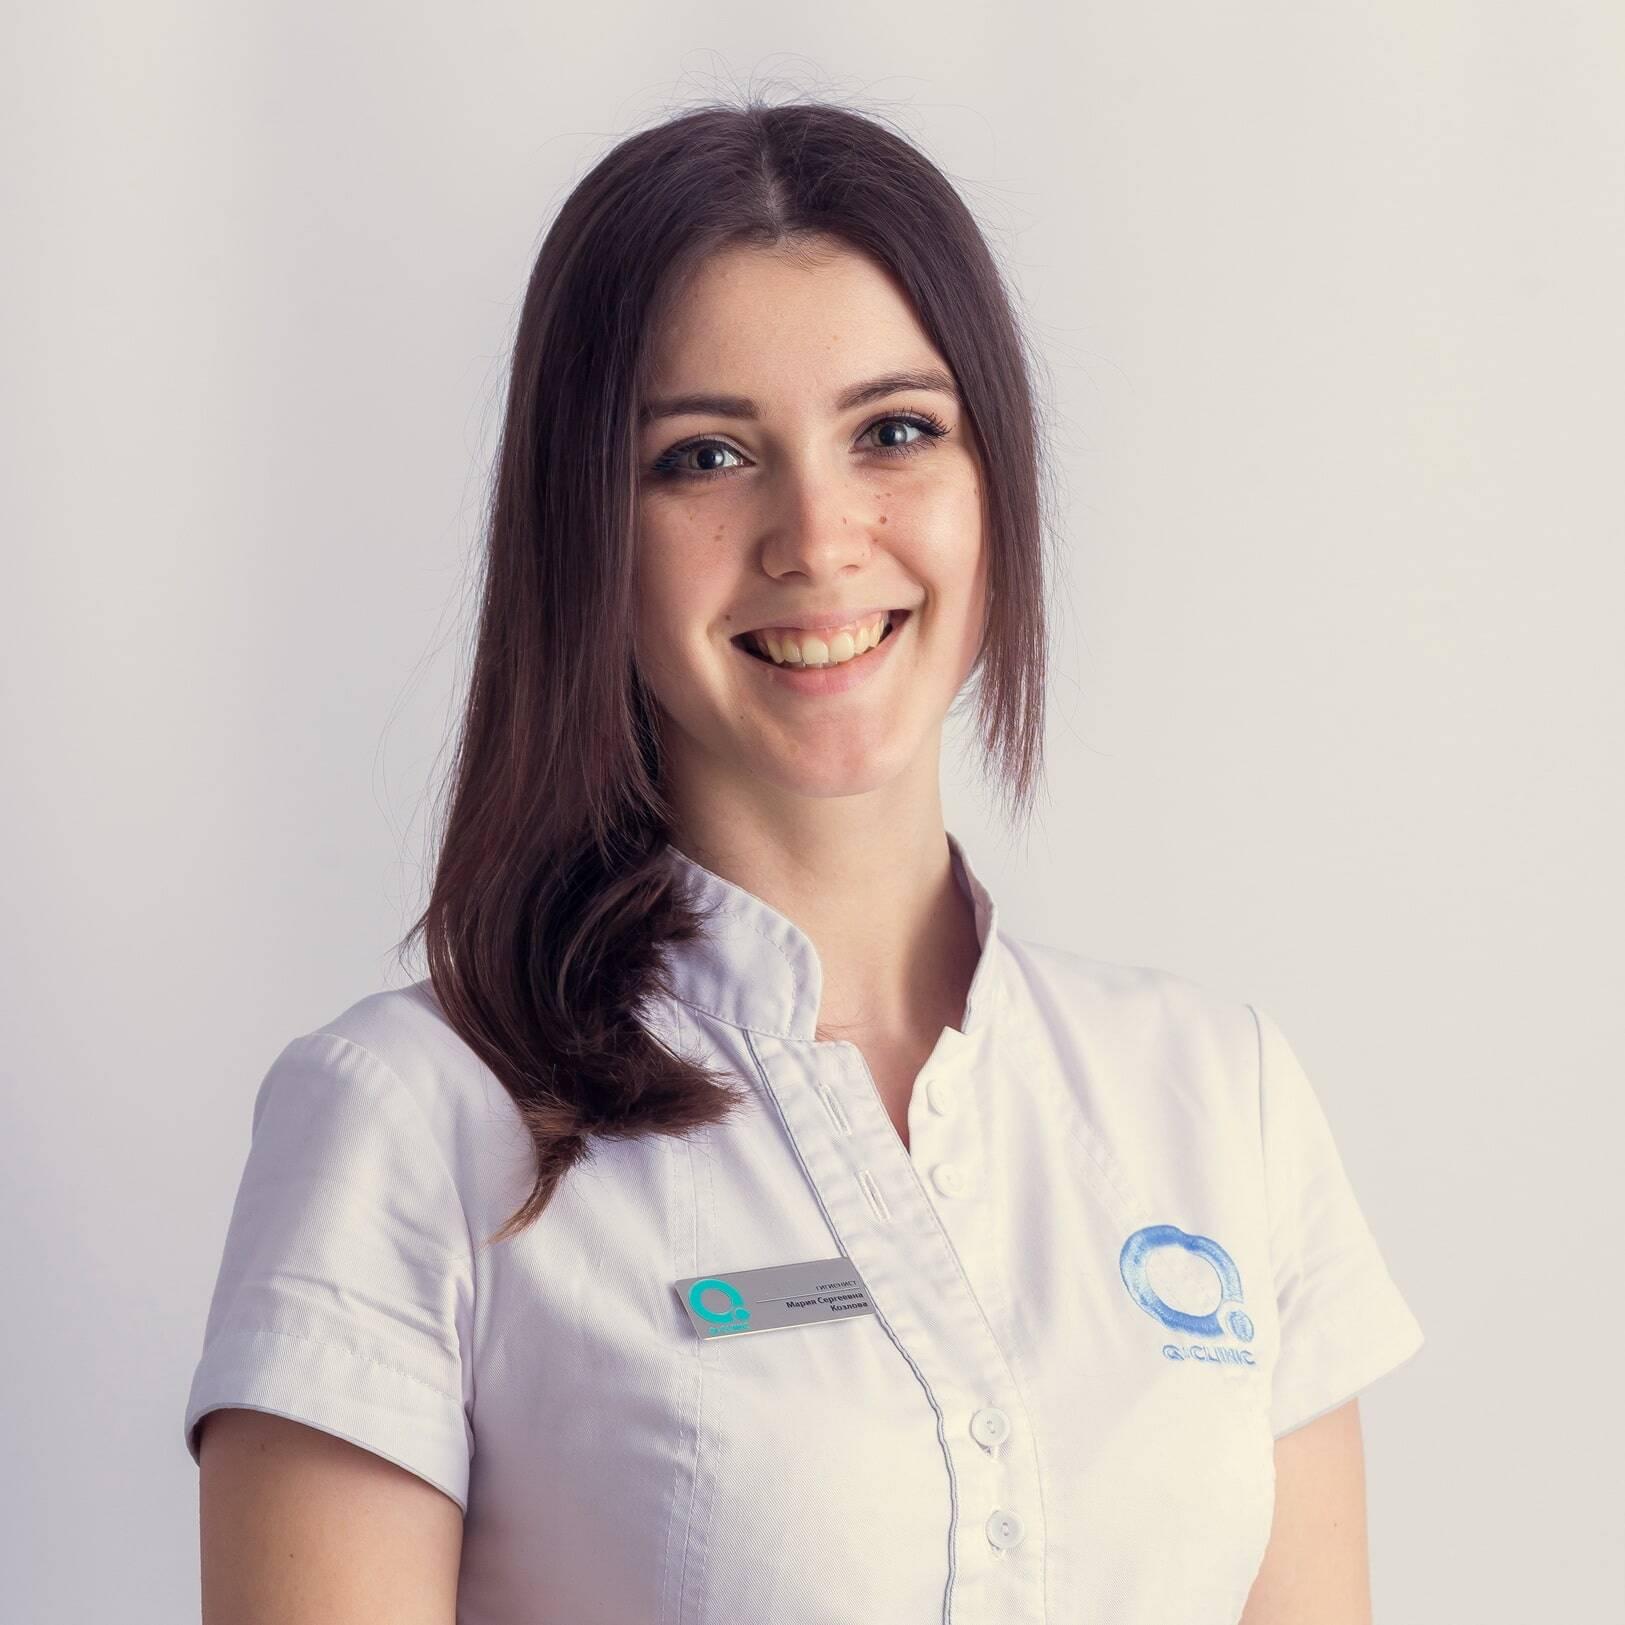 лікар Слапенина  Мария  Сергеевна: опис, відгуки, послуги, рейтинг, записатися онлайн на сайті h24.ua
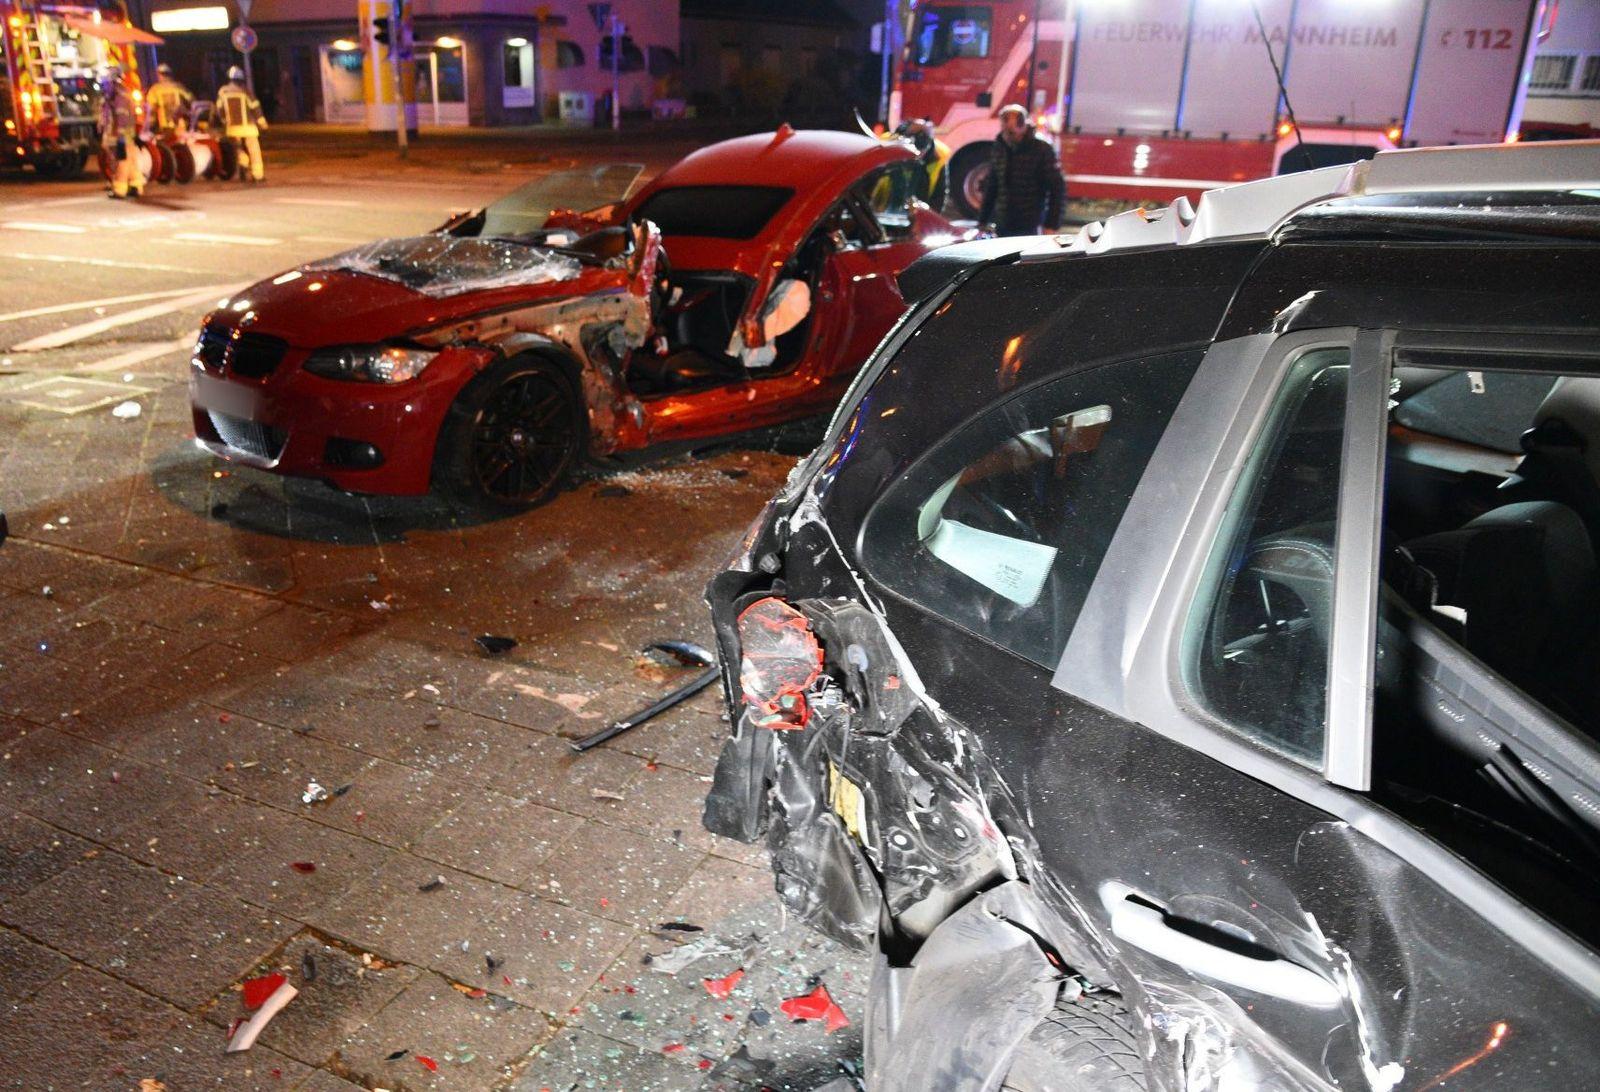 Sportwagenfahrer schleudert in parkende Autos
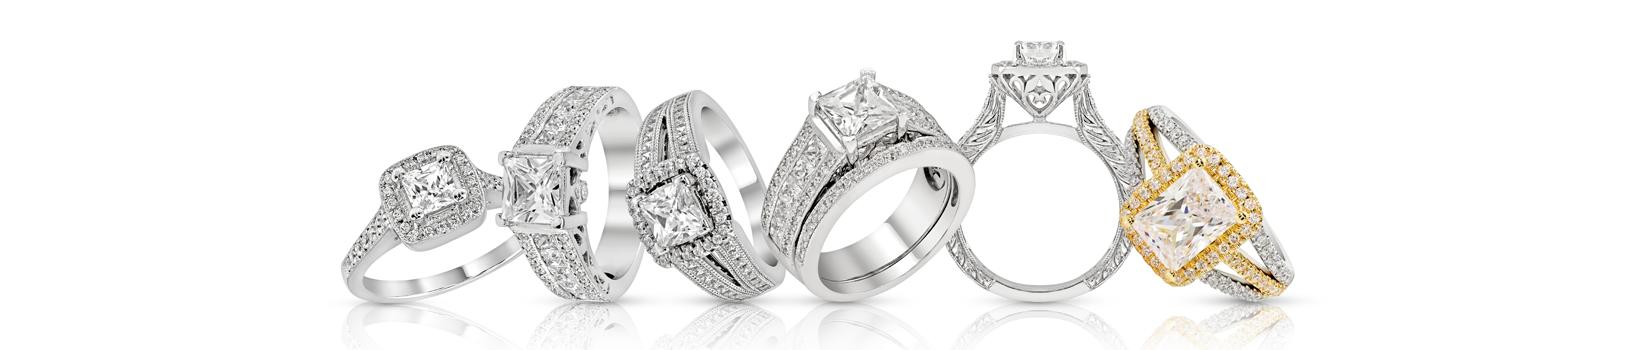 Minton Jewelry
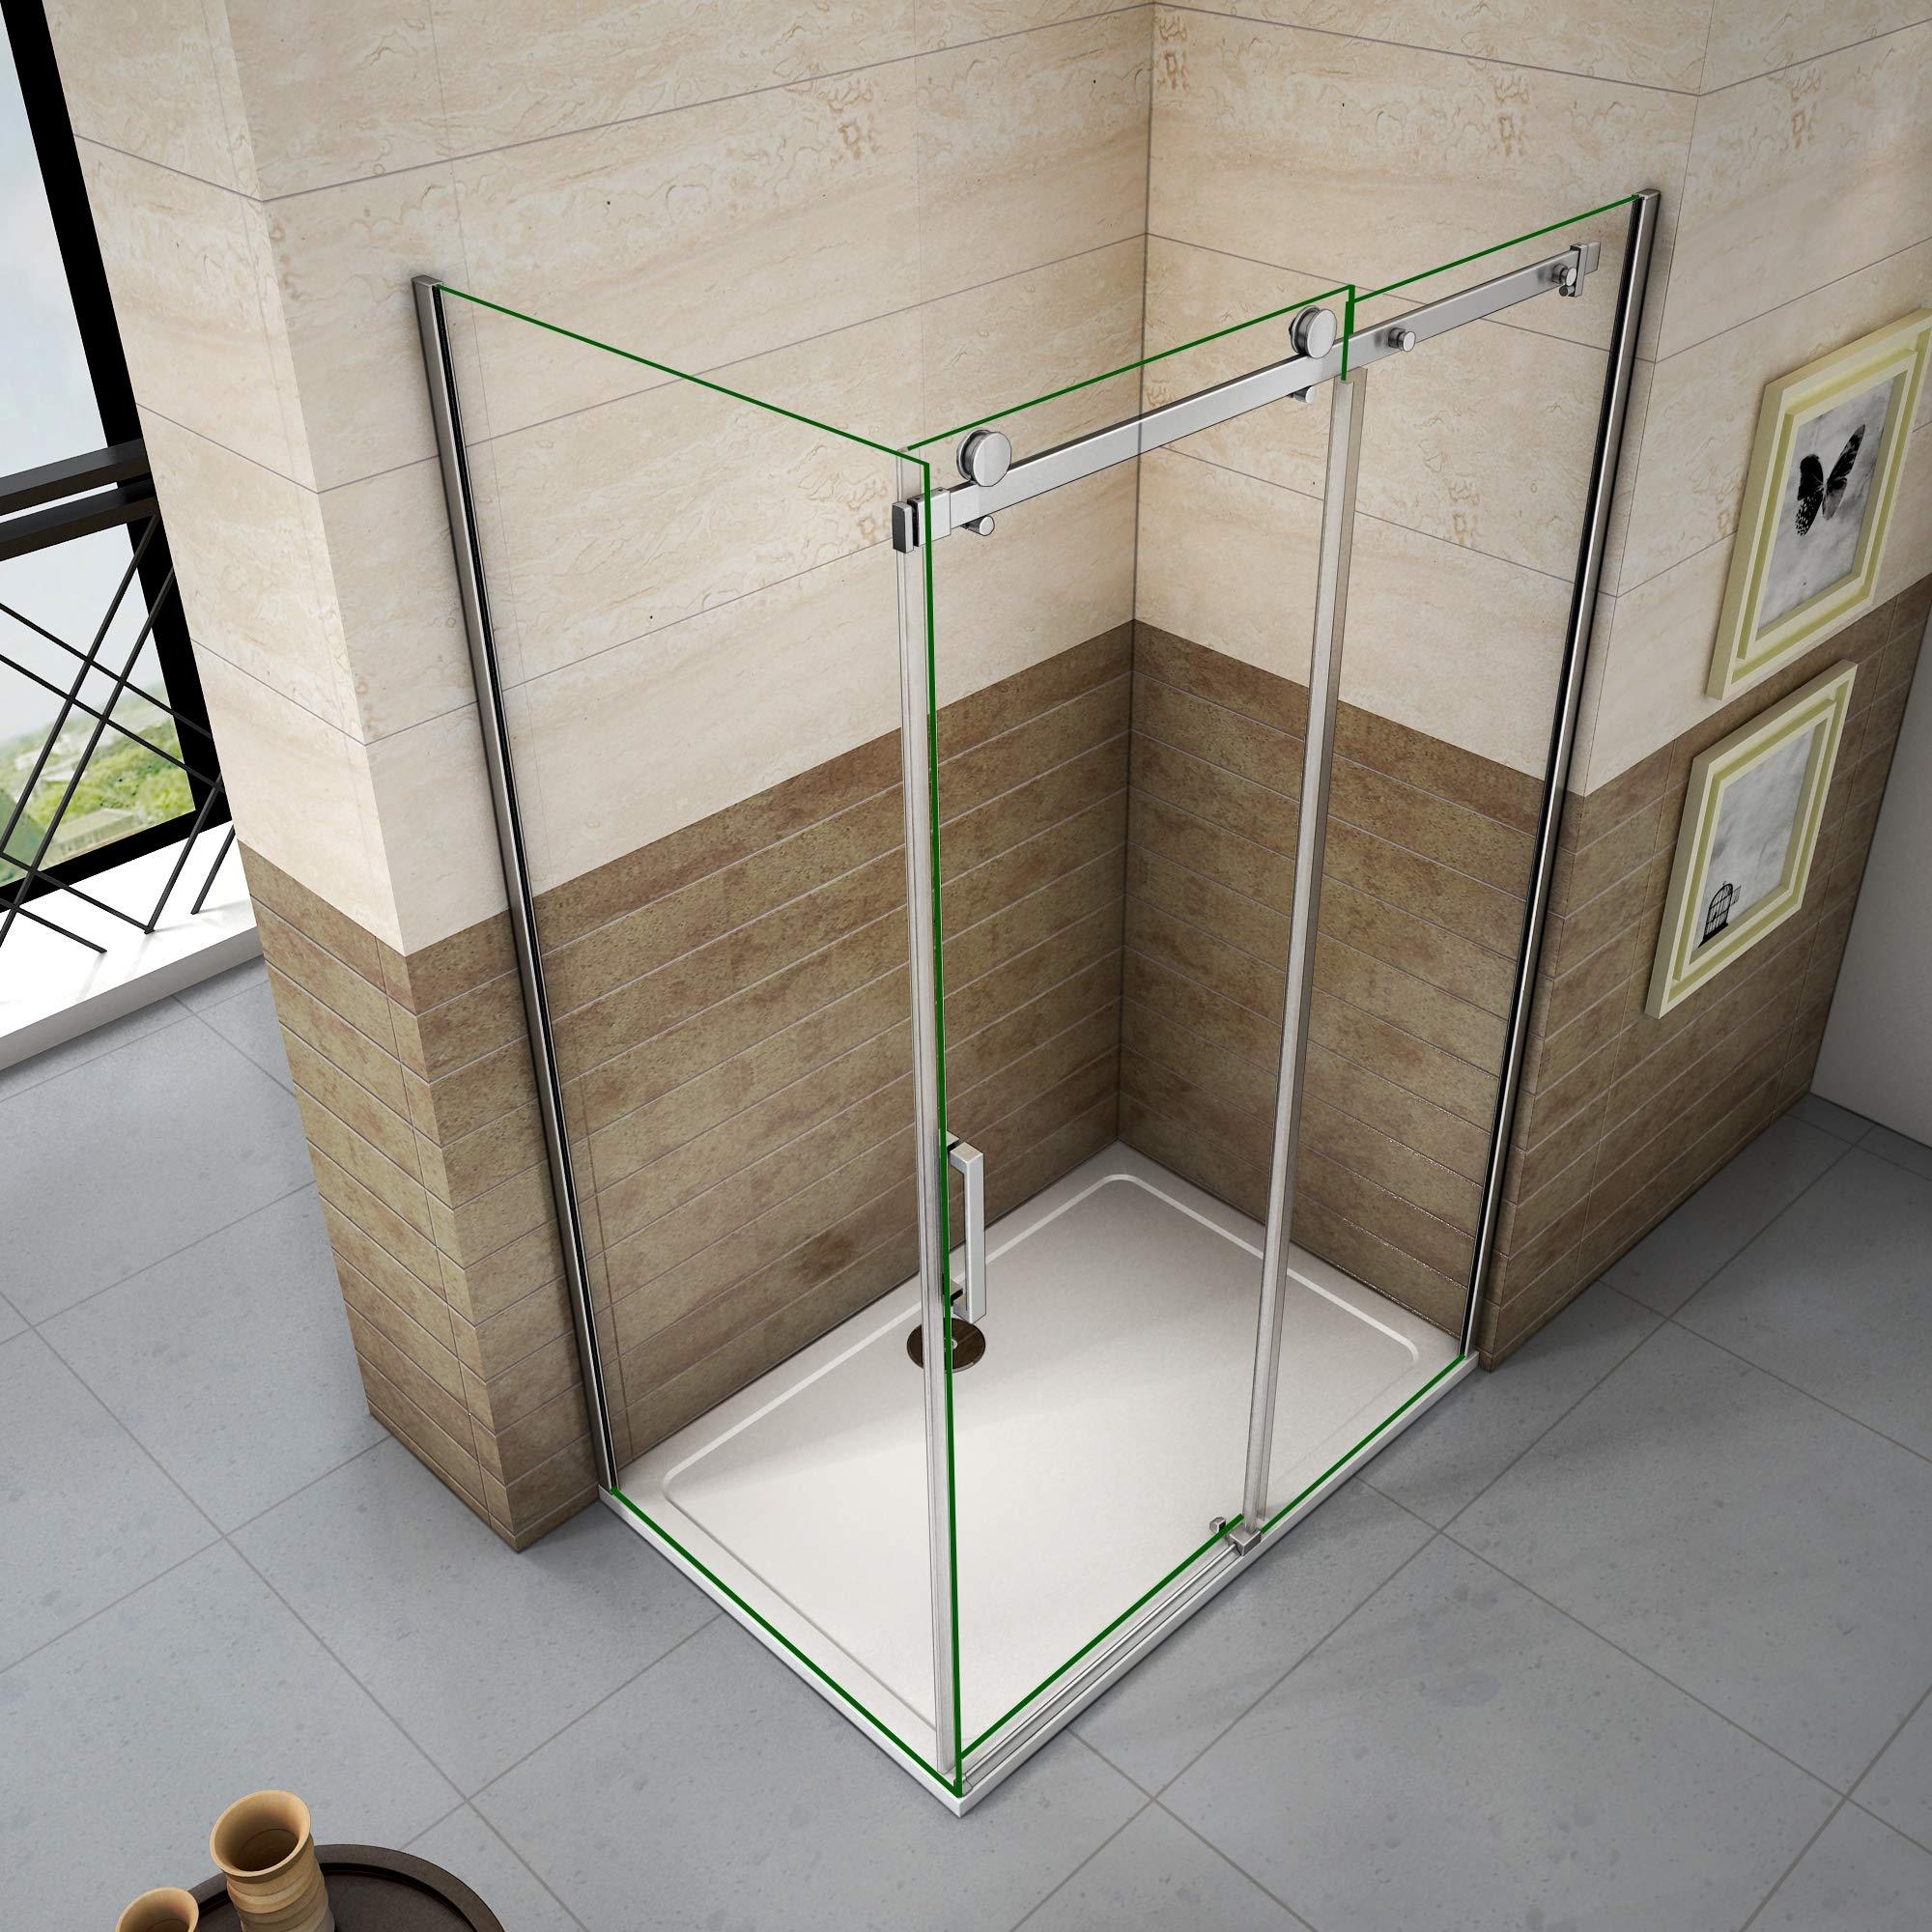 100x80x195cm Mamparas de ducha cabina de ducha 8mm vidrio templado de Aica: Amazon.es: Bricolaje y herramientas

(Task details): Recopy the full listing exactly, passing over any picture.

(Reply to the exercise):
 лікар Слапенина  Мария  Сергеевна: опис, відгуки, послуги, рейтинг, записатися онлайн на сайті h24.ua
 Sportwagenfahrer schleudert in parkende Autos
 Minton Jewelry
 100x80x195cm Mamparas de ducha cabina de ducha 8mm vidrio templado de Aica: Amazon.es: Bricolaje y herramientas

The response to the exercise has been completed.